**Raw data**.
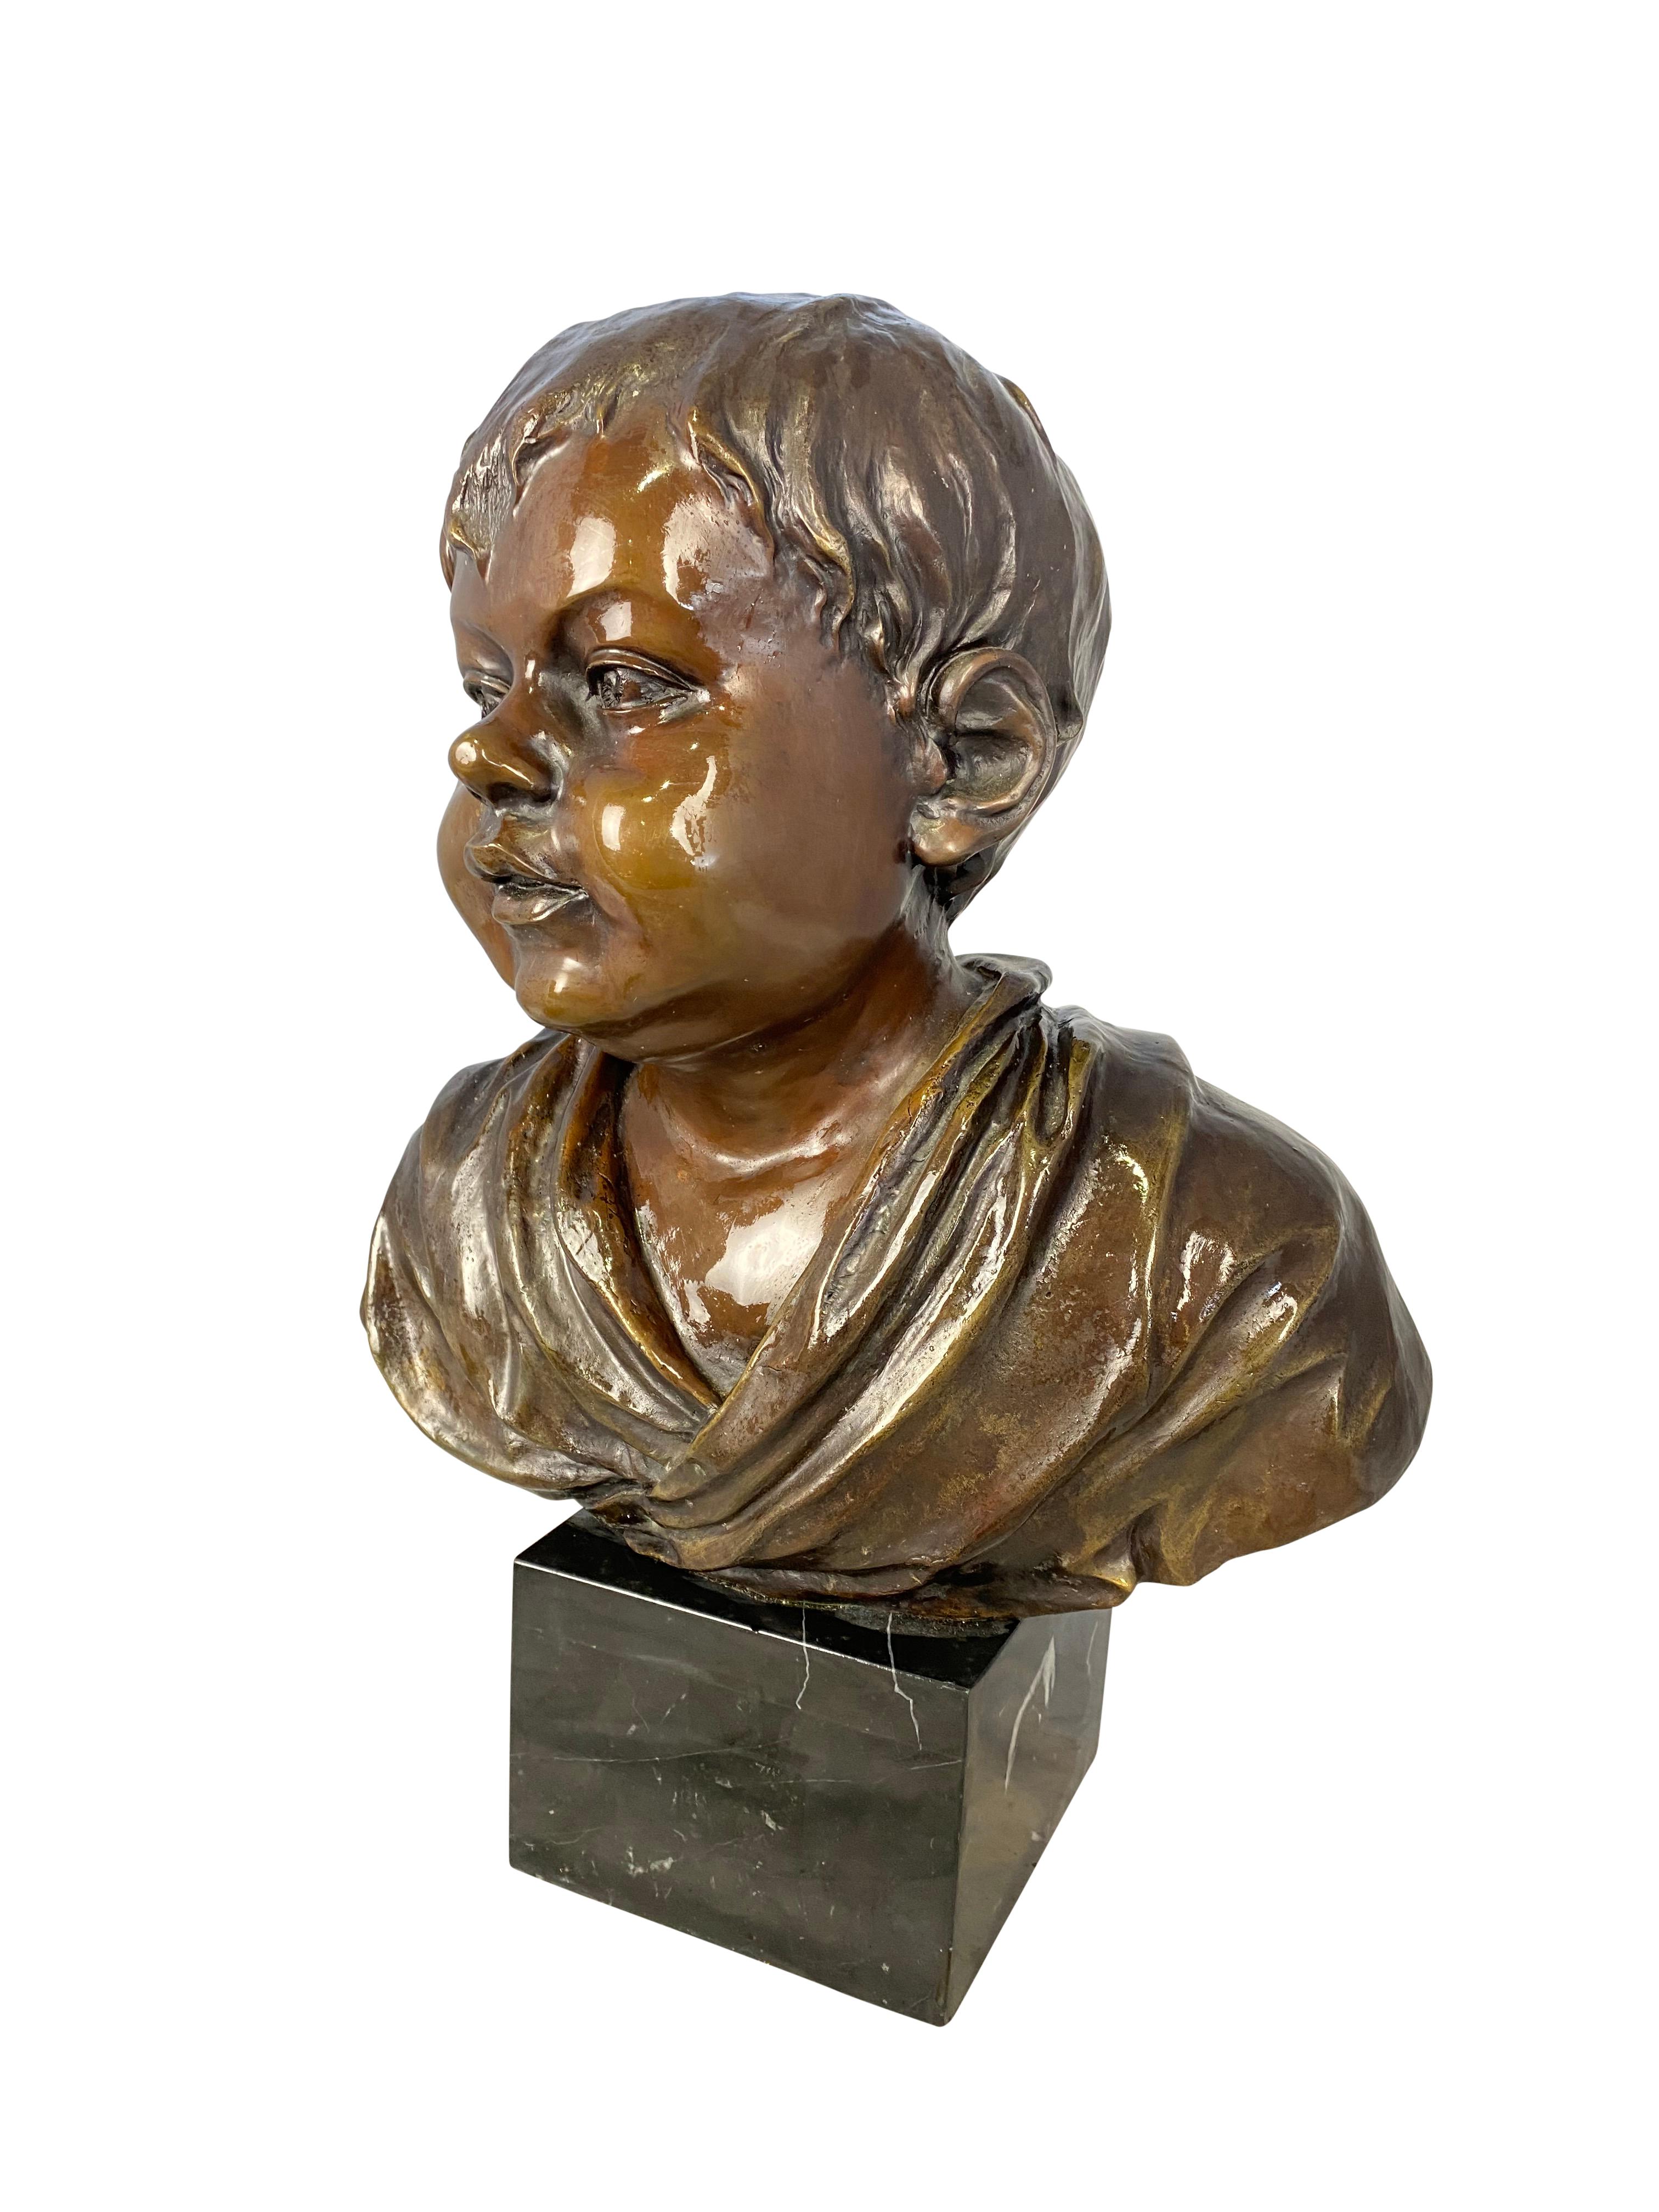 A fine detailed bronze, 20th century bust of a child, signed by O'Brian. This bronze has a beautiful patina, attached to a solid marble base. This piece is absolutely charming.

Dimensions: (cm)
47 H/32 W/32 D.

**Task prompt**.
Set down the material exactly, every line of it, except for the pictures.

**Result of the exercise**.
 A fine detailed bronze, 20th century bust of a child, signed by O'Brian. This bronze has a beautiful patina, attached to a solid marble base. This piece is absolutely charming.

Dimensions: (cm)
47 H/32 W/32 D.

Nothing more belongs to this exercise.